Jeff Somple, president of Mack Molding, and Bryan Campbell, plant manager, explain the use of one of the company’s

plastic molding machines at the Arlington plant on Tuesday. Mack has had a successful year with sales and staff increasing depite the weak economy.

While many manufacturers in Vermont and around the world are still feeling the effects of the recession, Mack Molding had an increase in sales during the last fiscal year of about 10 percent, added about 55 jobs in the last 18 months, and expects to add jobs and grow sales in the next year.

Jeff Somple, president of Mack Molding’s northern division, said the company, which describes itself as a “custom plastics molder” specializing in plastics design, large part molding and medical device manufacturing, was adding a machining center to its plant on Warm Brook Road in Arlington. The additional capacity is expected to employ another 10 to 15 people in a workforce of about 450.

According to Somple, Mack has been doing well because of a strategy developed around 10 years ago.

“When we first really tried to reinvent our business back in 2000, 2001, and when we recognized that a lot of the work that we were doing at that time, which was a lot of computer (parts) work, was going to be going off-shore, we did some really difficult meetings here. We tried to redefine what we were going to (be and asked) are we even going to exist. We really looked at some markets that we thought were going to be somewhat resistant to the trend to go to China and other off-shore companies. Medical popped right up at us,” he said.

Somple said the medical market has proven to be successful for Mack because companies making medical equipment wanted better quality control than they might be able to get internationally and needed to work closely with a company as they designed the product. That would be difficult when the manufacturer and the buyer were a 22-hour plane trip apart, he said.

Another market Mack pursued were pieces that Somple said were big and cost a lot to shop. On Tuesday, for instance, Mack’s factory workers were assembling and shipping a large device for Pitney-Bowes that mail marketers would use to sort mail.

Mack also went after accounts where the seller needed various colors and styles, like office furniture, and other items that would be manufactured in “small” batches.

“In our world, 10,000 is considered low volume. Things that aren’t millions but thousands… we really started looking for products like that,” Somple said.

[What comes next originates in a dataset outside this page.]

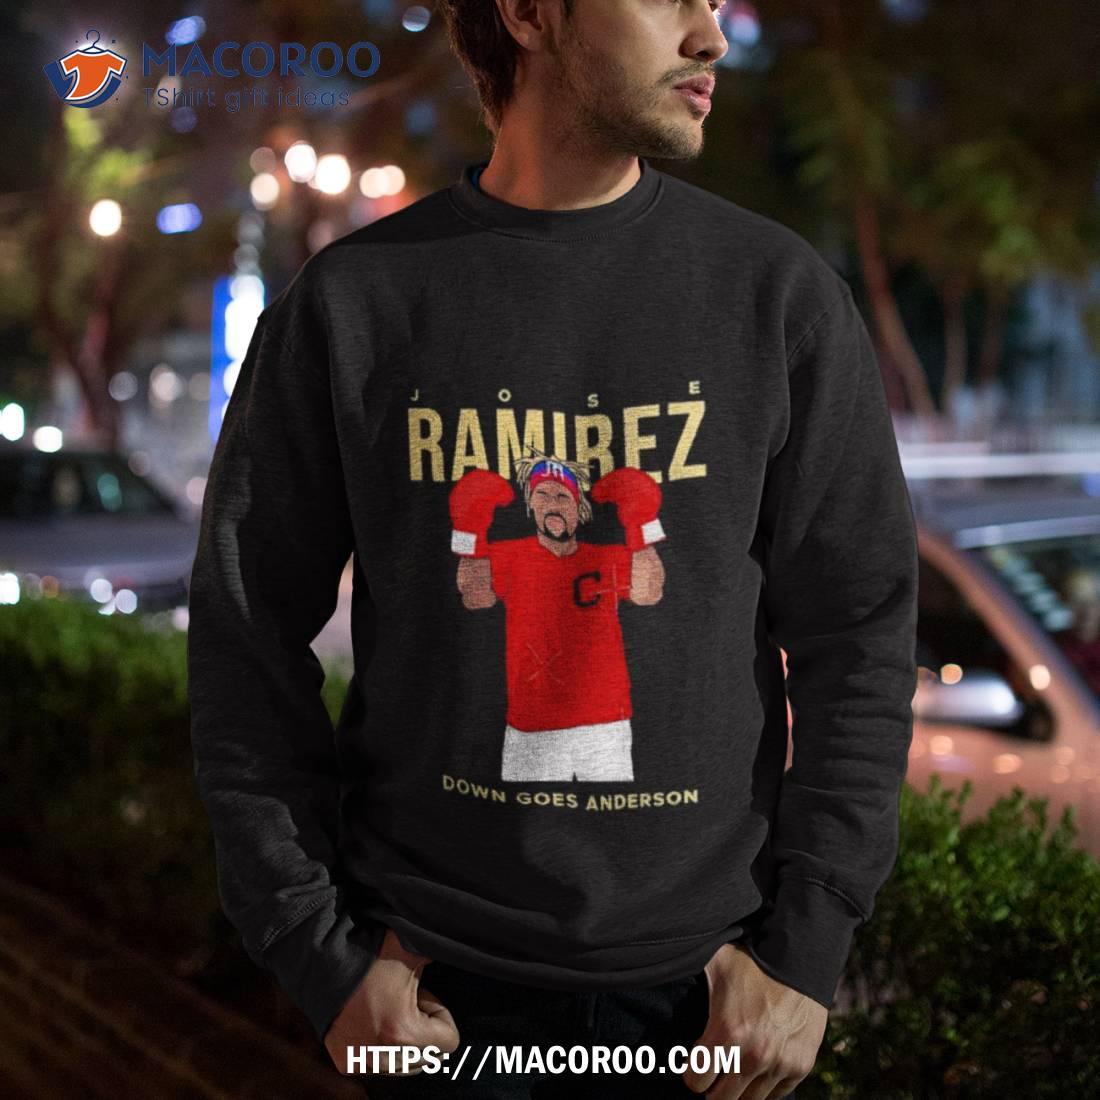 Jose Ramirez T-Shirts for Sale

Once Mack started getting the contracts to make products like medical devices and a milkshake machine that’s placed in a number of national convenience stores, word-of-mouth began to bring other customers to Mack.

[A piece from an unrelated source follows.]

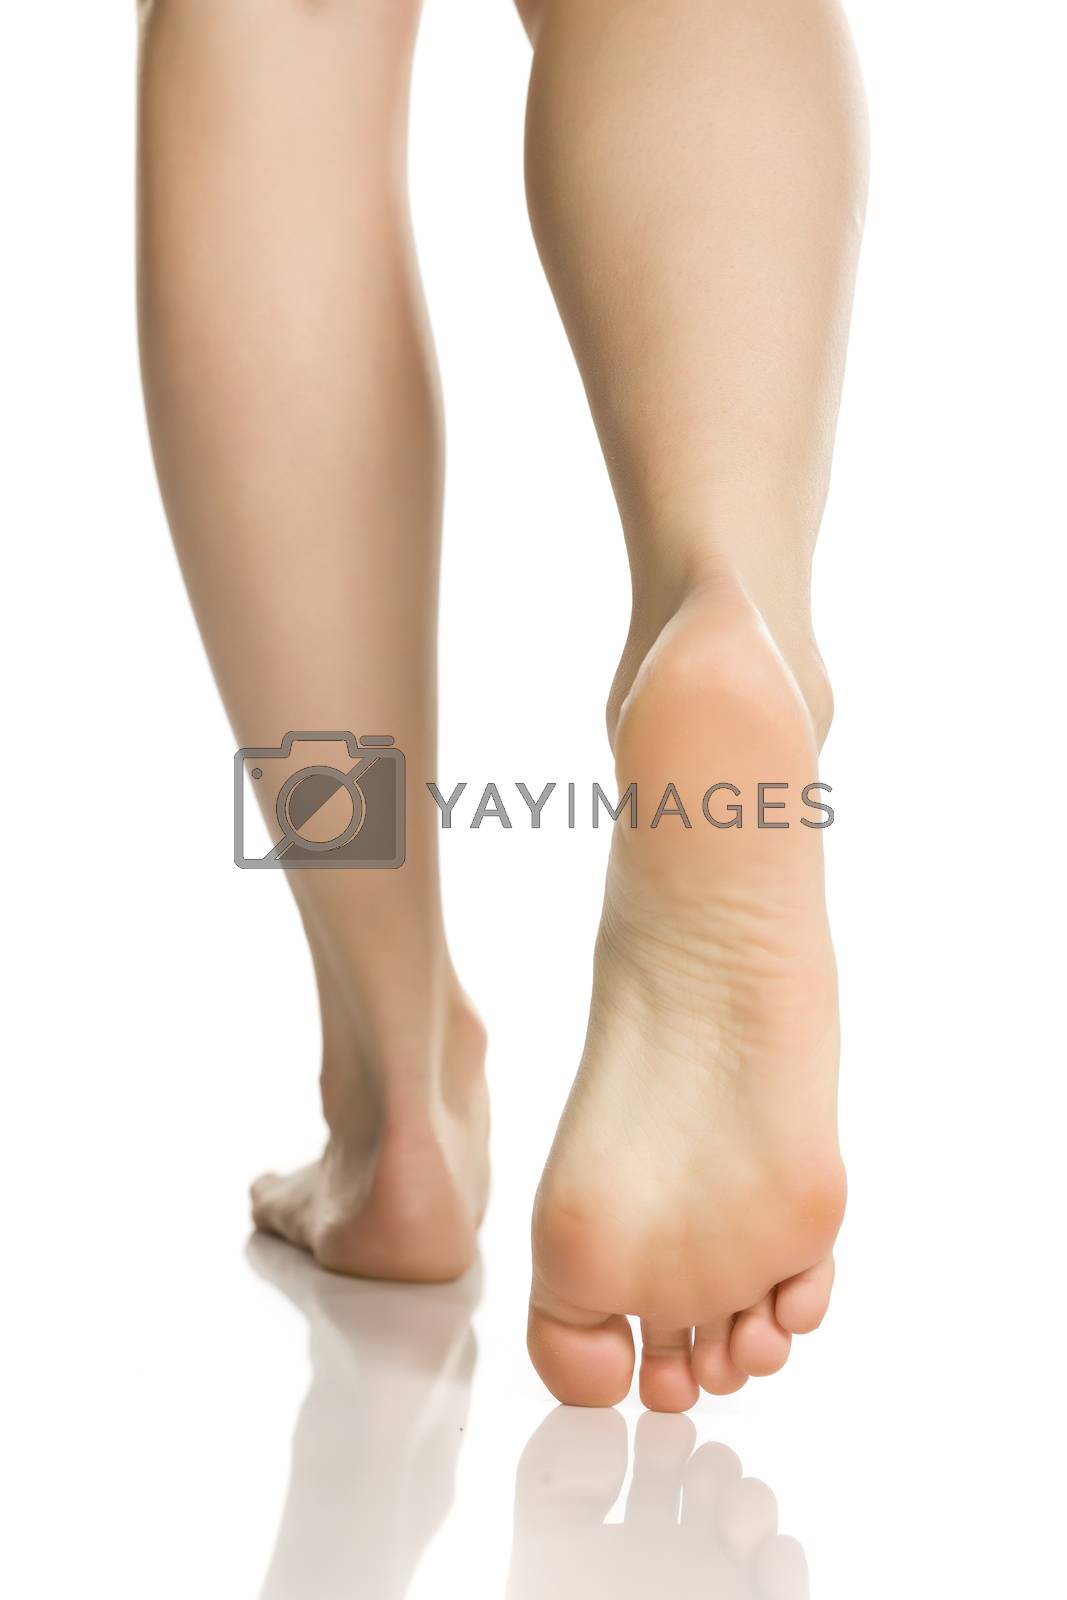 Royalty free image of Female feet  on white background by Vladimirfloyd

Somple said Mack was also well-positioned to take advantage of opportunities that came because of the recession.

“Almost every one of our customers is another U.S. manufacturer. We make some or all of a product for them so they were really looking for people that were going to be around for the long haul, that had the money to invest in the technology and the people and the machinery required to make their product,” he said.

While Somple said he knew some in the manufacturing community were just happy not to lose ground, Mack has actually been increasing sales.

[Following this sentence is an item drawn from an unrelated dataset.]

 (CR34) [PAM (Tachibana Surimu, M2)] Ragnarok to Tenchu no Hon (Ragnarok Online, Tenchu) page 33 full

“We’ve aggressively pursued growth. We didn’t just hunker down and wait for the recession to pass,” said Julie Horst, a spokeswoman for Mack.

Somple used the example of Mack expanding to machining its own parts to keep quality control in-house and reduce wait time for parts. The Mack site in East Arlington is about to add the second-largest molding press, a 1,650-ton piece of equipment, in January.

The largest press is in Mack’s third manufacturing plant in Vermont in Cavendish. Throughout the company, Mack has about 125 molding presses.

Mack hasn’t just added equipment. From April 2009 to now, about 50 to 55 new employees have been taken on “during a fragile economic recovery,” Horst pointed out.

Some Mack employees are third-generation employees of the company which was founded in 1920. Mack was co-founded by the Kendall family in Vermont and Don Kendall still lives in Arlington. The Kendall family bought out its partners 50 years ago.